In the broader scheme, oil production is increasing worldwide, with war-torn Iraq and Libya increasing exports, despite ongoing intense battles. Iraq, OPEC’s second-top exporter, ships about 3m barrels per day with Baghdad planning to increase it to some 3.5m, while Libya, the organization’s smallest producer is at ~0.7m, though it could rise to as much as 1.4m.

Natural gas

Front-month natural gas futures for settlement in October traded at $3.955 per million British thermal units (mBtu), down 0.73% for the day. Prices ranged from $3.939 to $3.994 per mBtu. The contract added 2.79% on Tuesday and a further 2.19% on Monday.

The ominous Canadian weather system stoked some early heating hype for natural gas trade, resulting in the sizable rally since Monday, though the severe cold will not last and will induce heating only in lightly populated areas, while at the same time killing cooling demand over much wider areas, with a much higher population.

“The strong Canadian weather system will finally track across the US over the next several days … bringing very comfortable temperatures to the southern US and driving with much lower than normal cooling demand,” analysts at NatGasWeather.com wrote in a note to clients today. “We continue to believe any early winter season hype is unwarranted as weather patterns by early next week will be very pleasant.”

This week’s cold spell will likely have a positive impact on upcoming natgas inventory builds. Analysts project this Thursday’s EIA report will post the 21-st straight week of above average builds for natgas inventories, after last week the deficit to the 5-year average volume was narrowed to only 15.4%, down from a record 50% in March.

Next week’s report, which will cover builds this week, will probably start a series of much bigger than average injections, as the market enters Fall shoulder season.

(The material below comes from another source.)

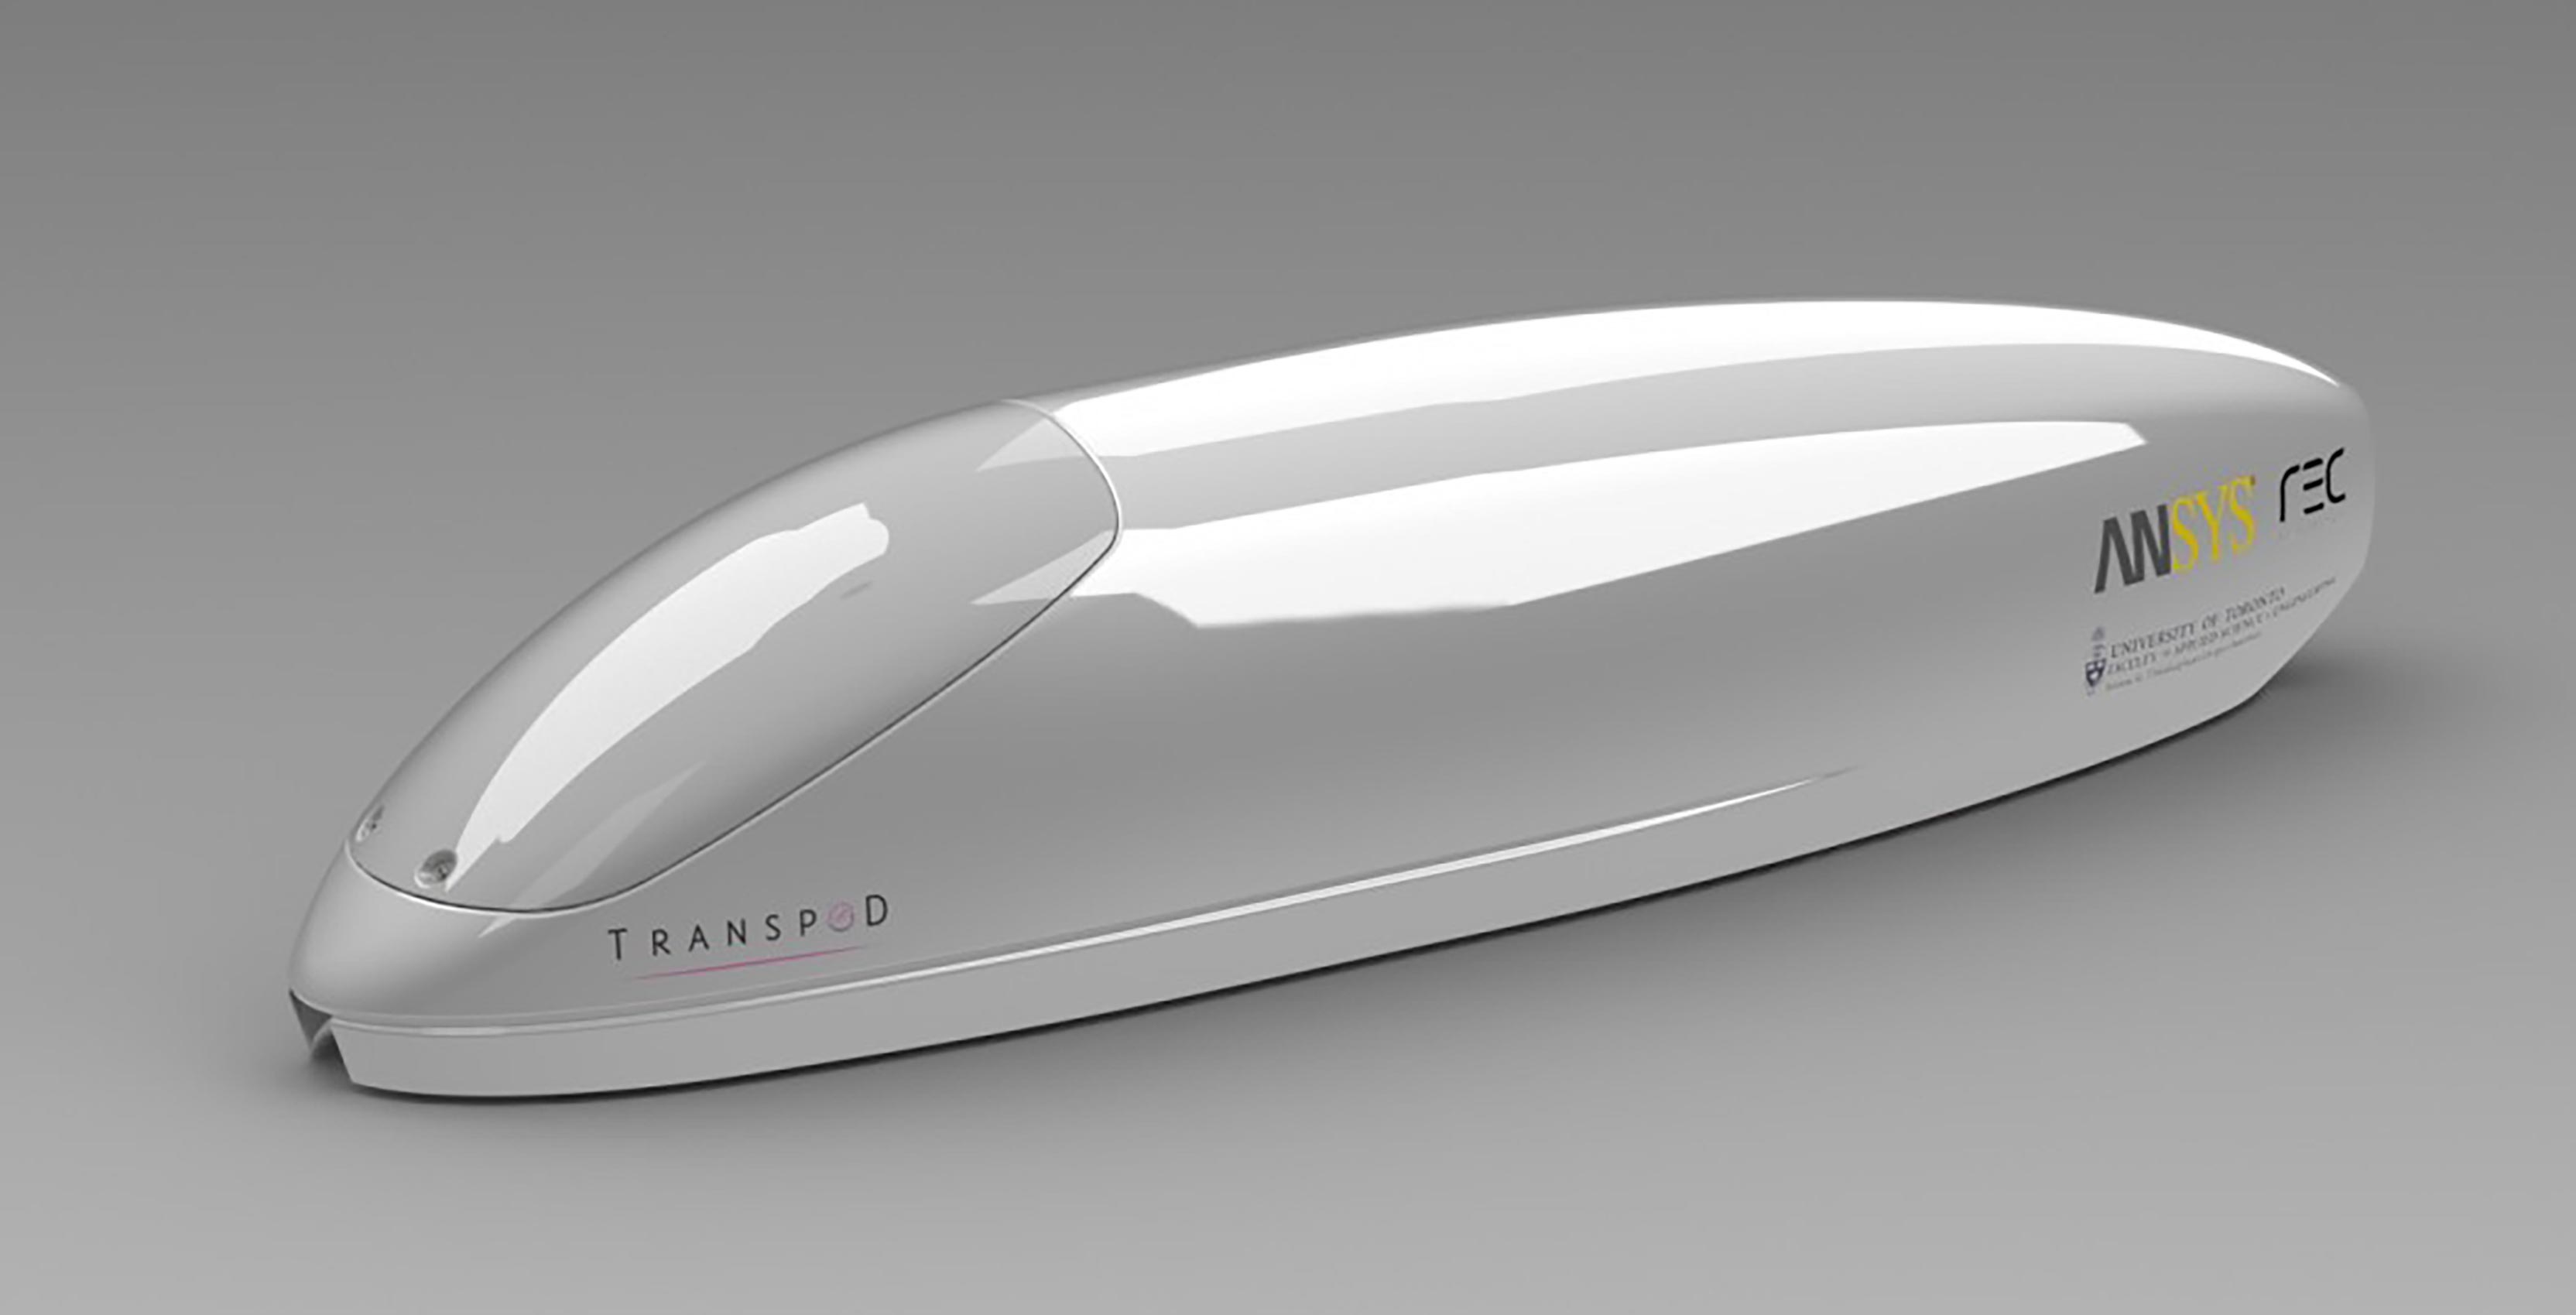 Transpod Hyperloop design

“It is not unreasonable to think there are potentially at least 7-8 straight weeks of fairly big builds to come, with most, if not all, being much larger than normal,” the analysts at NatGasWeather.com wrote.

US weather outlook

A quite cool Canadian system is already tracking through the northwestern US and will have reached the central US by Wednesday, bringing temps down some 10-20 degrees over the Midwest and North Plains, as well as bringing heavy showers and thunderstorms, with secondary cooling later on over the Southeast and the East Coast. Temperature troughs could reach as low as 30-40 Fahrenheit, which will spur heating in some areas. The far South and the West will see mostly seasonal weather, and overall cooling demand will be dropping from moderate to low.

“The coldest air will remain over the northern Plains and into Minnesota, and will be a secondary weather system that follows late Sunday and into Monday for the Great Lakes where temperatures could again drop into the 30s,” NatGasWeather.com analysts wrote. “There will be hot temperatures over high population southern California cities at times over the next few weeks.”